The Poetry Corner

Presence Of Mind

By Paul Cameron Brown

Spring heralds the summer with lilacs perched from that door. In snows, a swarm of bushes lie black and apparently rootless as the town's iron-gate bridge collapses under the centre part of the main road. Little enclaves of activity pass as stores, mere centrefolds across busy highway arteries this time of year. I am a grey fleck in my dark wool coat near the perimeter of a winding fence. The casual observer gives me half a chance to be seen in the deathless white, opaque coloured moonstone so still against the field's shores. A plaster river, her sides inserted with isle-dotted chunks, hands across a winter solstice tribal dance.
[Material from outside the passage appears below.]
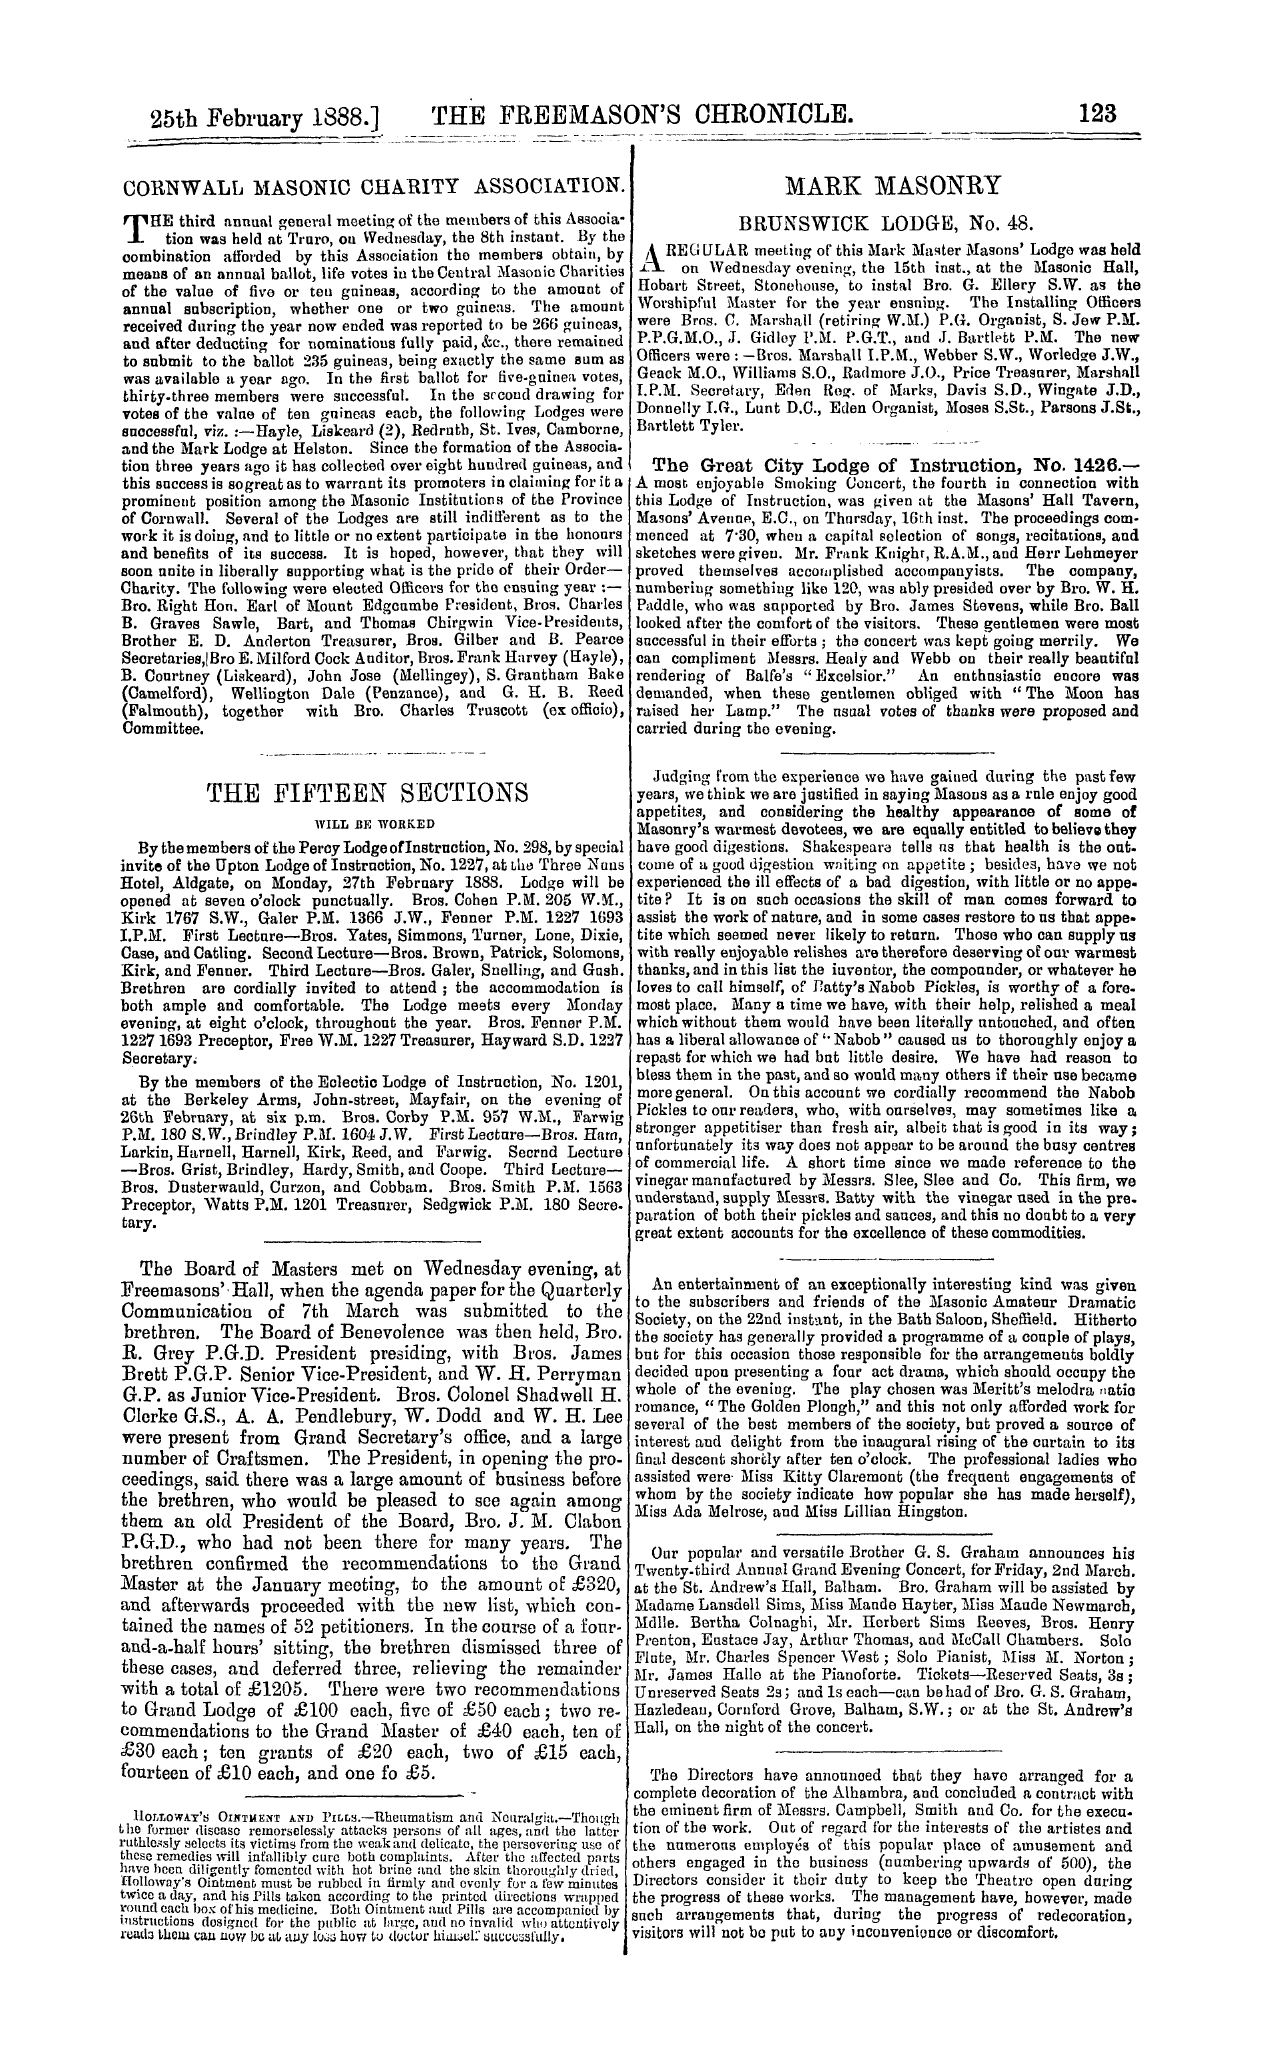 The Freemason's Chronicle: 1888-02-25 - The Fifteen Sections

Ostensibly, I poke the land from stylized limbo, a chalky substance disturbed with every movement's cough. And if I were to fall, lie down, and cry, the agonized winter's frantic sun would bury me with shadows, give forth dark branches to my freedom. In the growing dark, I ponder white and infinity. The hectic pace of the distant highway absorbs less and less my hope. In private cold, my face burns a tallow white, toes flake in frostbite or erode every sensation. Stars in the dark canopy above are cryptic mourners and people frigid sorrow. Black is my colour as I ebb steadily toward their heights. By morning, when the first wisp of straw or dry leaf catches light near this stringent fence, an occasional passerby with the presence of mind shall comment how lifeless fields are in the clutch of brittle snow.